New Babies
and
Pets
New babies, pets and how to make it work
copyright (c) 2021 Frania Shelley-Grielen. All rights reserved.

How prepared are we when we bring a new baby into a home with pets?  How
well do we understand the changes that come with a new addition; how they
affect us and our relationships with all of the members of our family; including
our cats and dogs?   How well do we handle this?  And can we do better?  Here’s
a look at some of what we know and some strategies and guidelines to keep
everyone happy, healthy and at home:

We do know there is a great deal of concern with the arrival of a new born baby

into a household and when that household has pets, not all of the concerns appear
easily resolved.  A study of 12 animal shelters in six states, including New York and
New Jersey (Scarlett, et. al. 1999), looked at the personal and health reasons listed
for the surrender of 520 dog owning households giving up 554 dogs and 384 house-
holds relinquishing 488 cats. “New baby” is among the top three reasons given for
cats and in the top four reasons for dogs.  The study also showed allergies as the
number one reason for cat surrender even as 15% of these households still had
dogs at home and 11% still had other cats.  When we look at the families citing a
new baby as the reason for relinquishing a pet we see that more that 33% of all
cats and dogs had been acquired during the previous nine months and 40%
during the previous year.  “Conflict with a child” was reported for more than
3% of all dogs given up and less than 2% of all cats given up with close to a third
of these surrenders occurring within one month of ownership.

The study is a valuable starting point as a source of information.  It also may

suggest more questions than it answers.  The data is drawn from interviews given
to survey questions and as such whether or not some of the reasons for relinquish-
ment such as “allergies” (especially where other pets are retained) are offered as
socially acceptable reasons for surrender cannot be determined.  People dropping
off family pets at animal shelters are understandably reluctant to be negatively
judged.  The study also does not compare people who have new babies and retain
their pets so we are not able to determine if similar issues exist for the pet retaining
group and why it is not an issue or if it is, how it is overcome.

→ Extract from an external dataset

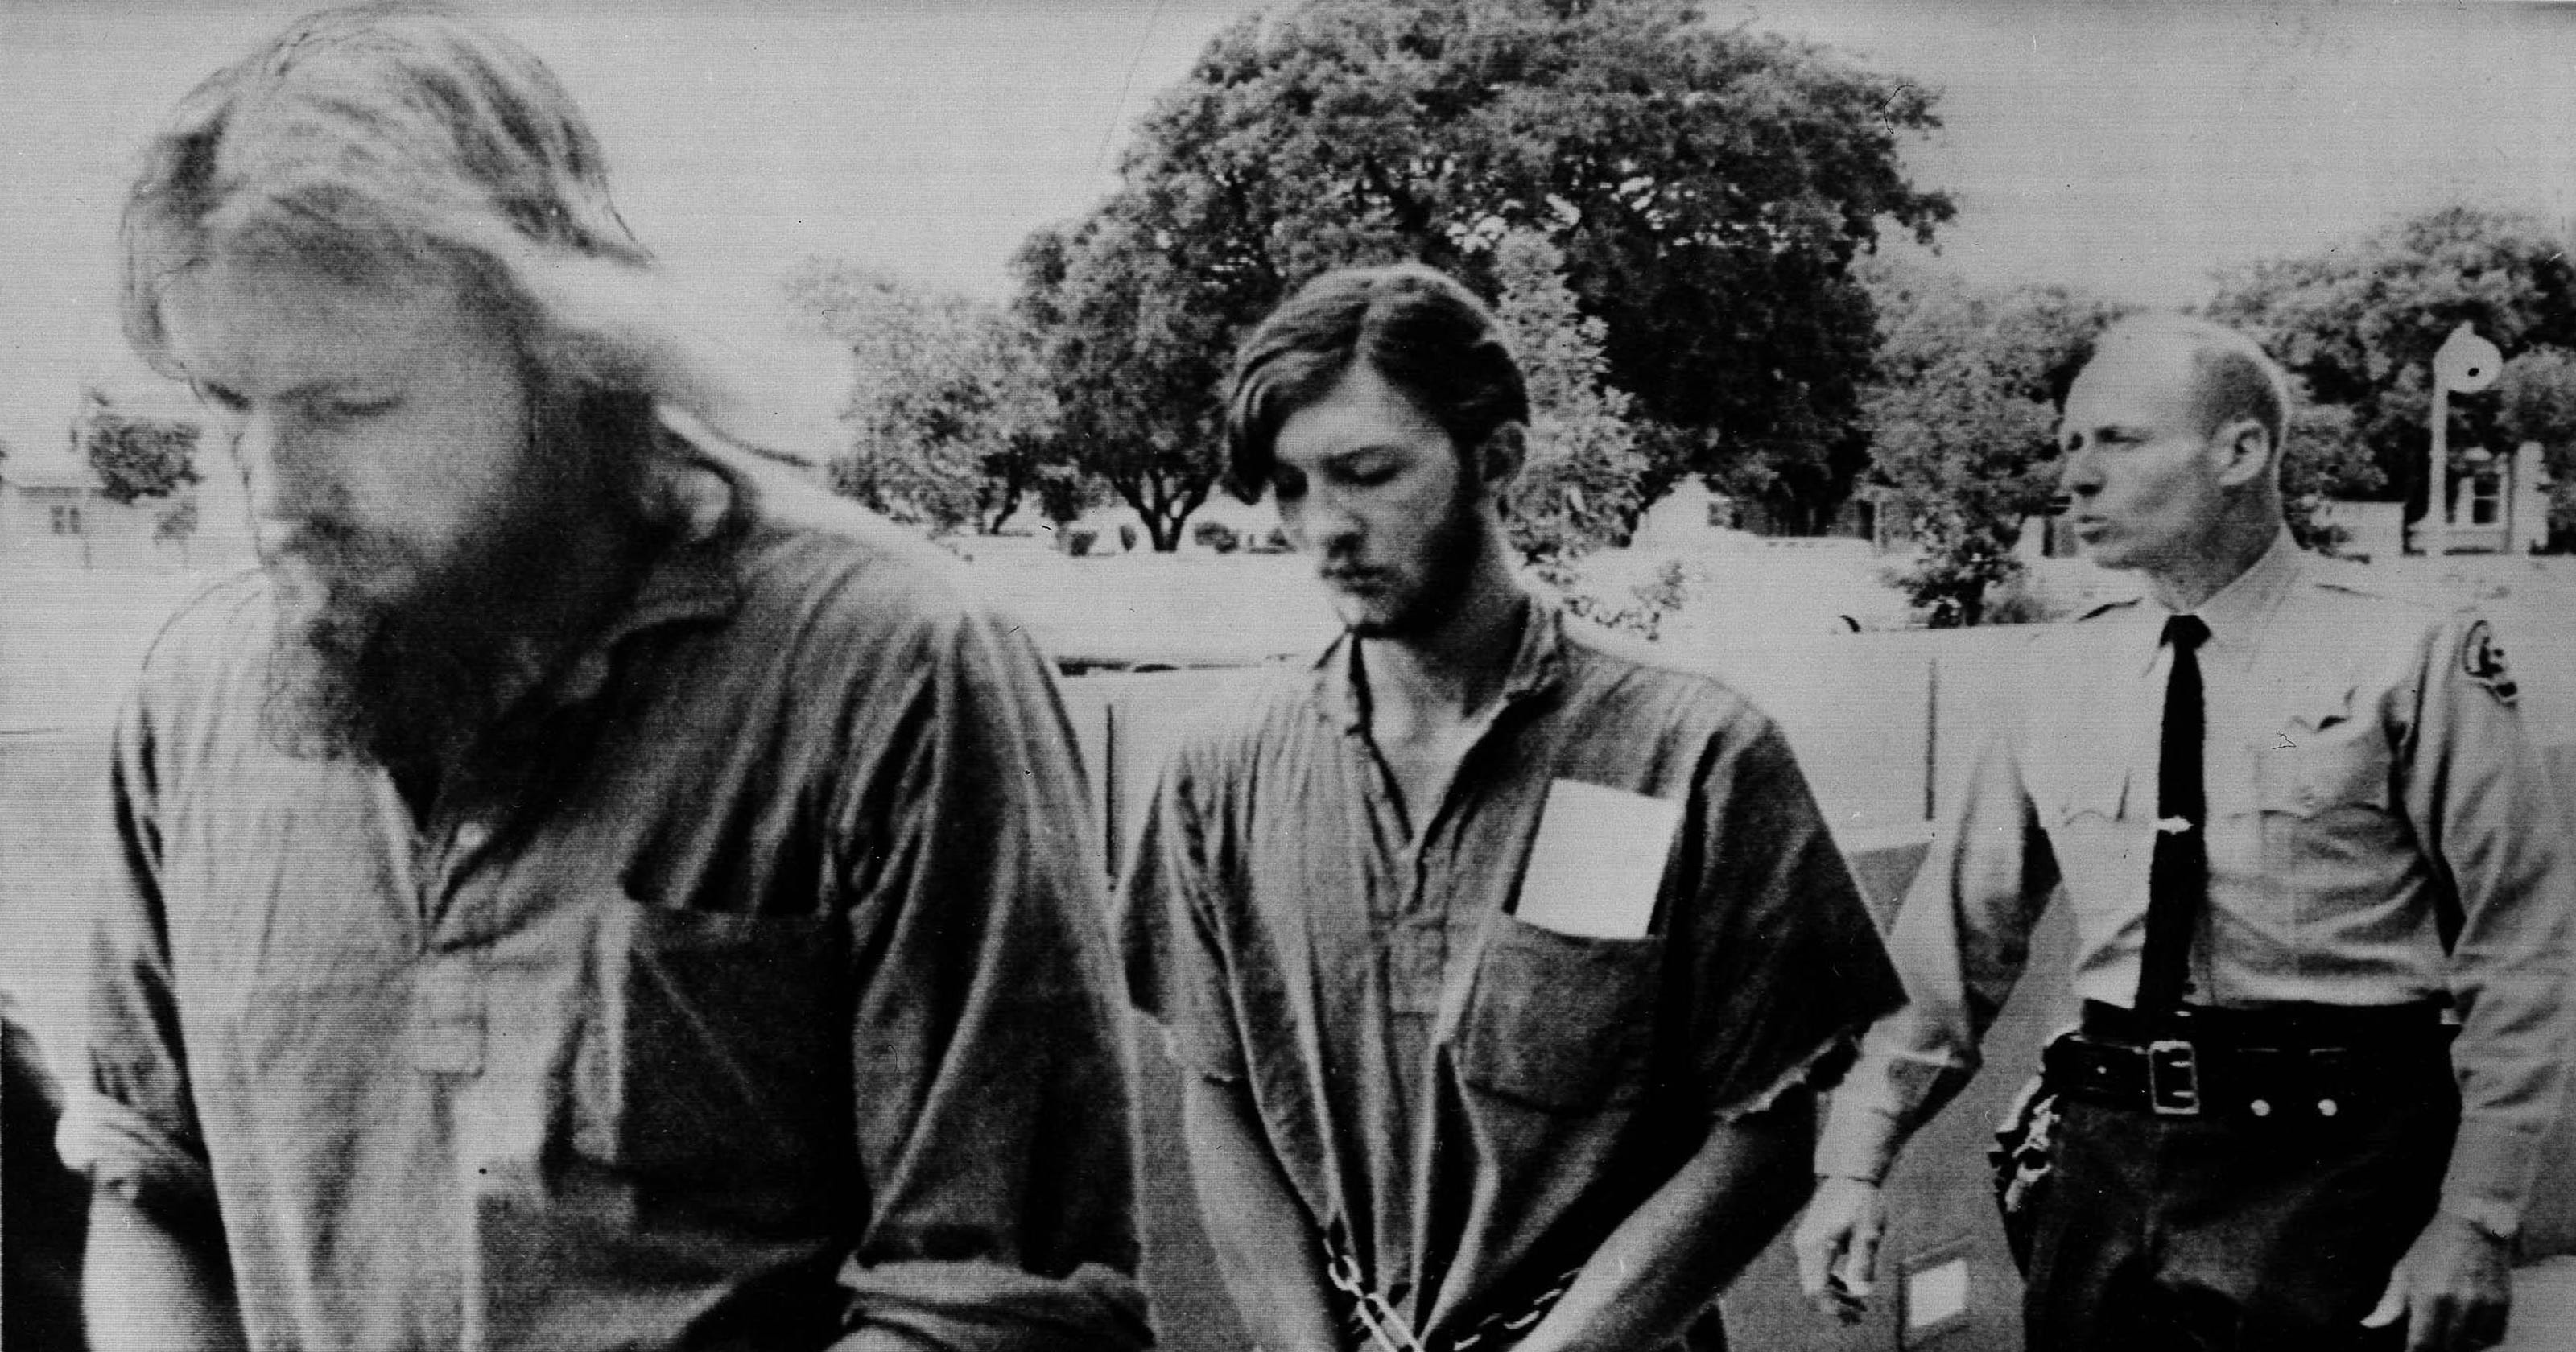 I'm a cannibal': victim's neighbor recalls horrific 1970 murder
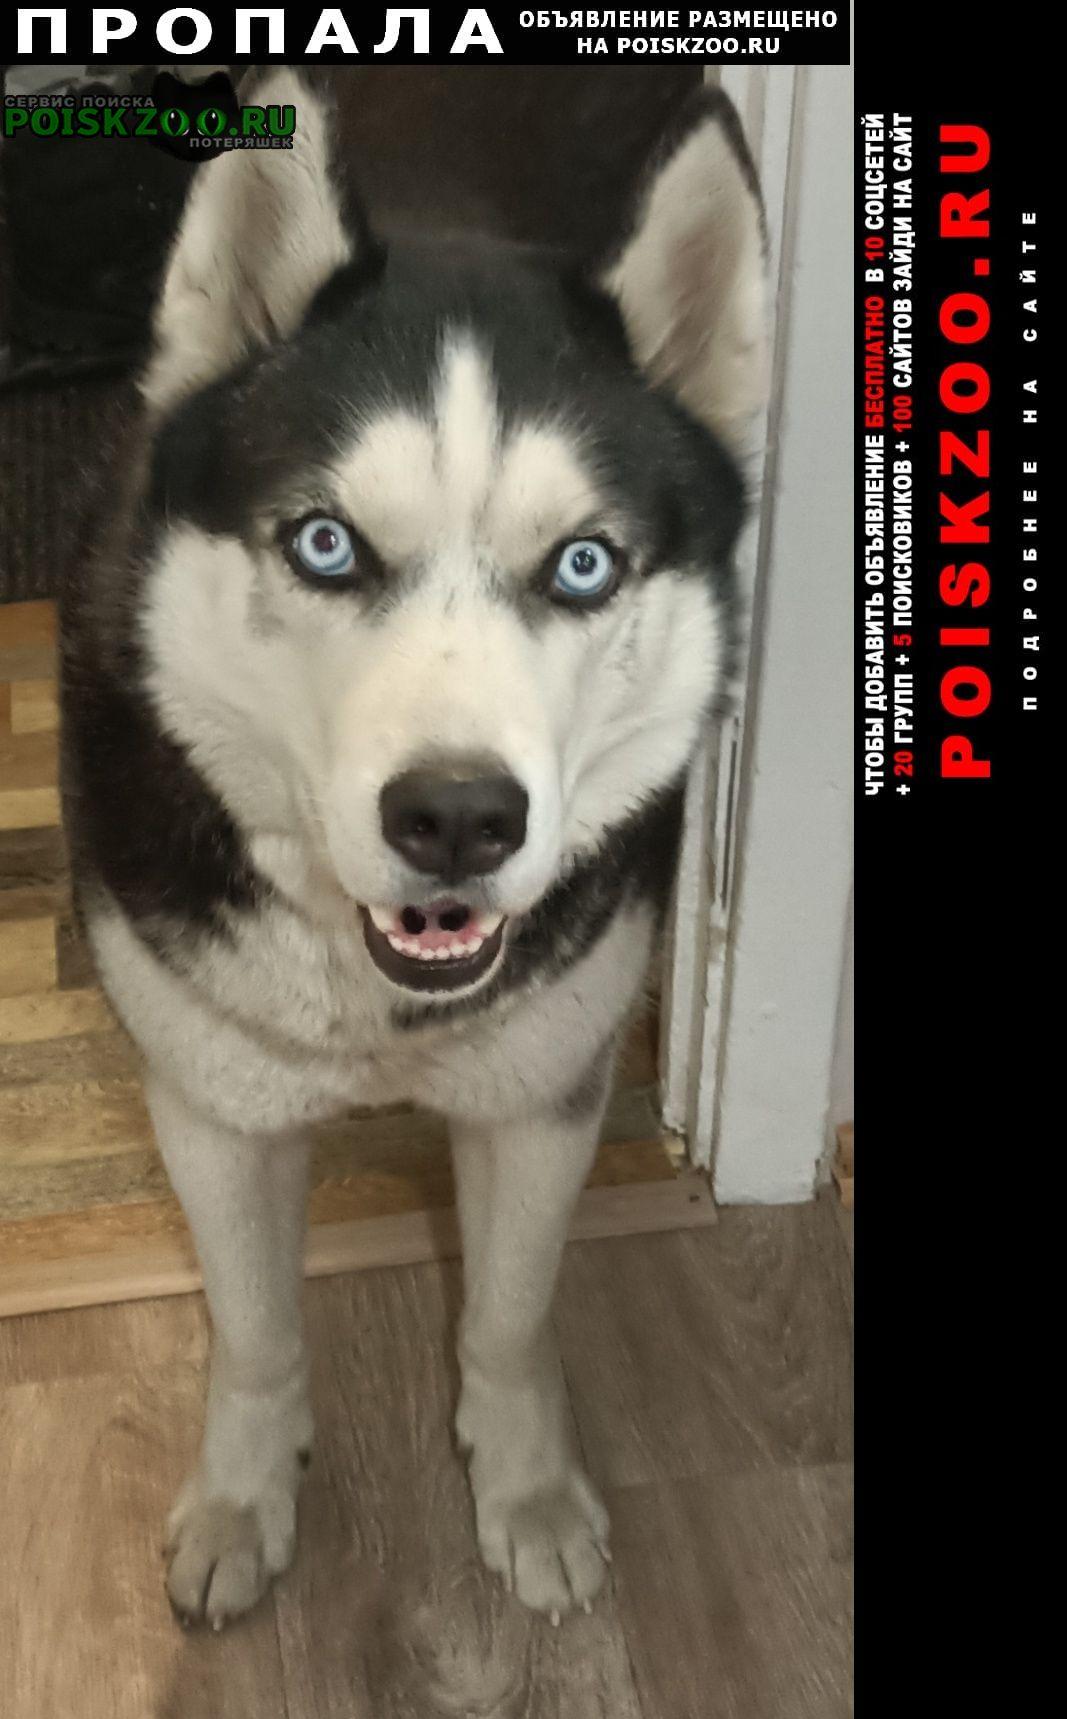 Пропала собака кобель породы хаски Чита

When “new baby” is listed as a reason by itself there is no other information offered

as to why the addition of the baby is a cause to give up a family pet.  We also see
that the shorter the time a pet is in a family with a baby, the more likely the pet
will be surrendered.  This by itself may suggest a number of things from a lack of
familiarity with how to successfully integrate a new baby into an existing pet
owning family, fear and anxiety on the part of the pet or owner or a response to
general input from surrounding community and family members that pets and  
babies don’t mix.  When “conflict with a child “is reported we cannot know how
“conflict” itself is being determined.  Is the conflict one of feeling, sentiment or
actions?  In the case of action, is the behavior appropriate, misunderstood or
provoked?  Is there appropriate supervision to determine what is going on?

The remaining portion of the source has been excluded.